Why Do We Have Wisdom Teeth?
It’s true that your wisdom teeth might seem like nothing but a nuisance, especially if they need to come out, but they actually used to serve a pretty important purpose. Early humans ate a very coarse diet that consisted of several raw foods like meats, berries, roots, nuts, and other earthy items. They also didn’t slice up their food or cook it how we do today, so their jaws needed a little extra help—which necessitated the need for a third set of molars! But since modern food is softer and easier to eat, wisdom teeth aren’t really necessary anymore and our jawbones have gradually evolved to often not have room for them once they erupt.
What’s the Best Age to Get Wisdom Teeth Removed?
Simply put, there is no set age when wisdom teeth should be extracted, as everyone’s mouth is different! That said, it’s often recommended that you have them removed sometime during early adulthood—even though they can still be extracted later in adulthood, the process and recovery are typically easier when the patient is younger. This is because as you age, the roots of your wisdom teeth grow longer and become more embedded in the jaw. If your dentist has suggested having your wisdom teeth removed, it’s best to do so sooner rather than later to avoid risks like impaction, decay, cysts, and damage to other teeth.
Does Wisdom Tooth Removal Hurt?
The very first thing we’ll do during your wisdom tooth surgery is numb your mouth with a local anesthetic, so pain isn’t something you need to worry about at all! You might feel some slight pressure, but it shouldn’t be outright painful. Some soreness or general discomfort is common following the procedure, but as long as you follow your aftercare guidelines, which include taking prescribed and over-the-counter medications as directed, you’ll feel back to normal within about a week or so.
What Can I Do to Prepare for Wisdom Tooth Extractions?
We’re happy to provide you with specific guidelines concerning what you need to do before your wisdom tooth surgery. However, some generic helpful tips include:
- Arrange to have somebody drive you to and from the appointment, as you won’t be fit to drive after receiving sedation or anesthesia. It’s also wise to have them keep an eye on you for a few hours following the procedure.
- Our team will need to know what prescribed and over-the-counter medications you take, if any, to avoid unwanted interactions.

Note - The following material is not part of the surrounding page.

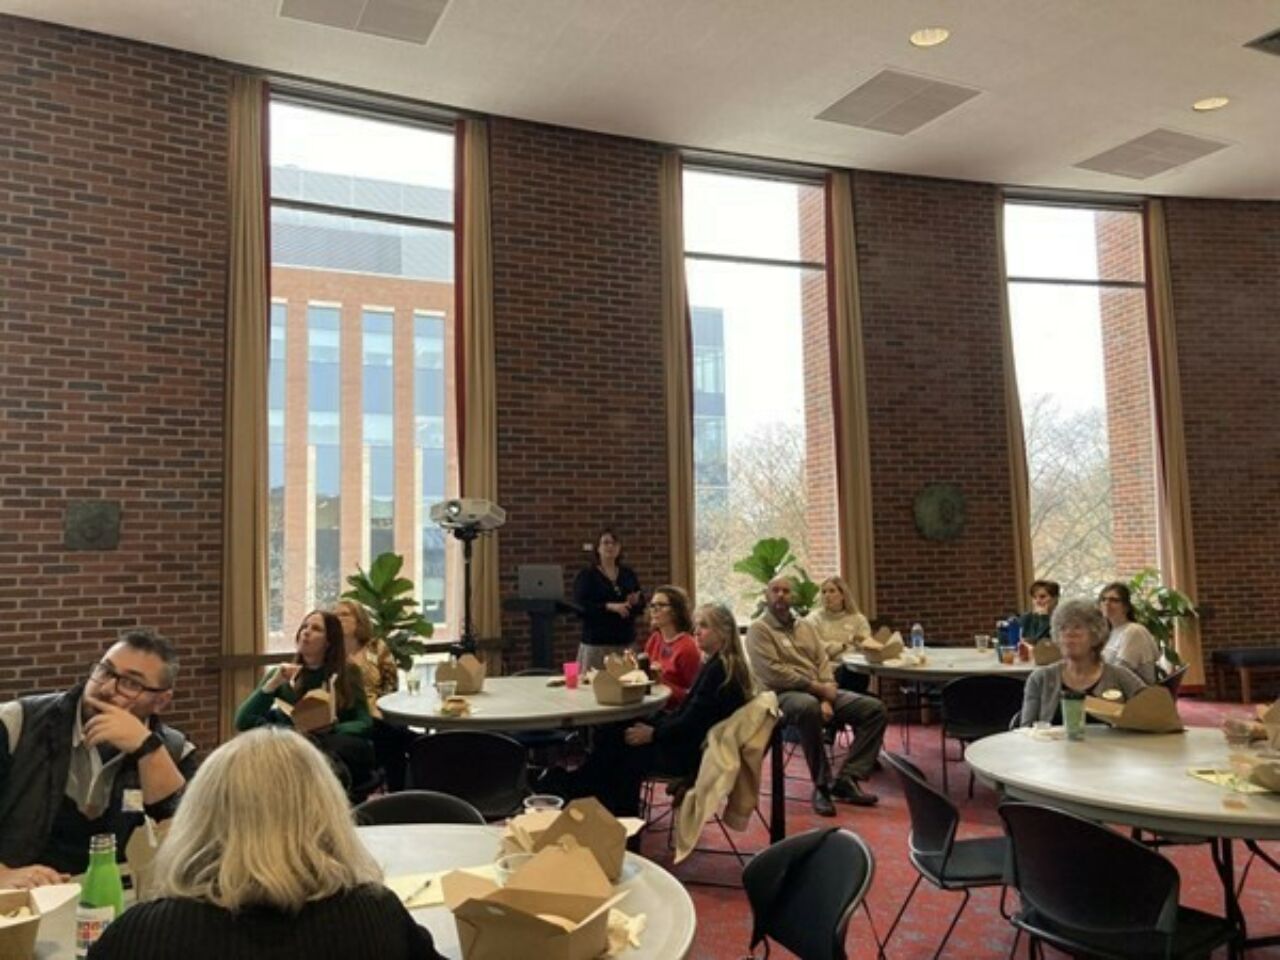 people seated a circular tables with box lunches in a room with brick walls, floor-to-ceiling windows, and red carpet.

- If you’re receiving general anesthesia, avoid eating or drinking after midnight the night before your procedure. Also refrain from smoking for at least 12 hours before the procedure.
- Consider wearing comfortable clothing to your appointment. If you’re receiving IV sedation, wear a shirt that has short sleeves or sleeves that are easy to roll up.
- Stock up on plenty of soft foods and liquids; you’re going to need them for the next few days while your mouth heals up!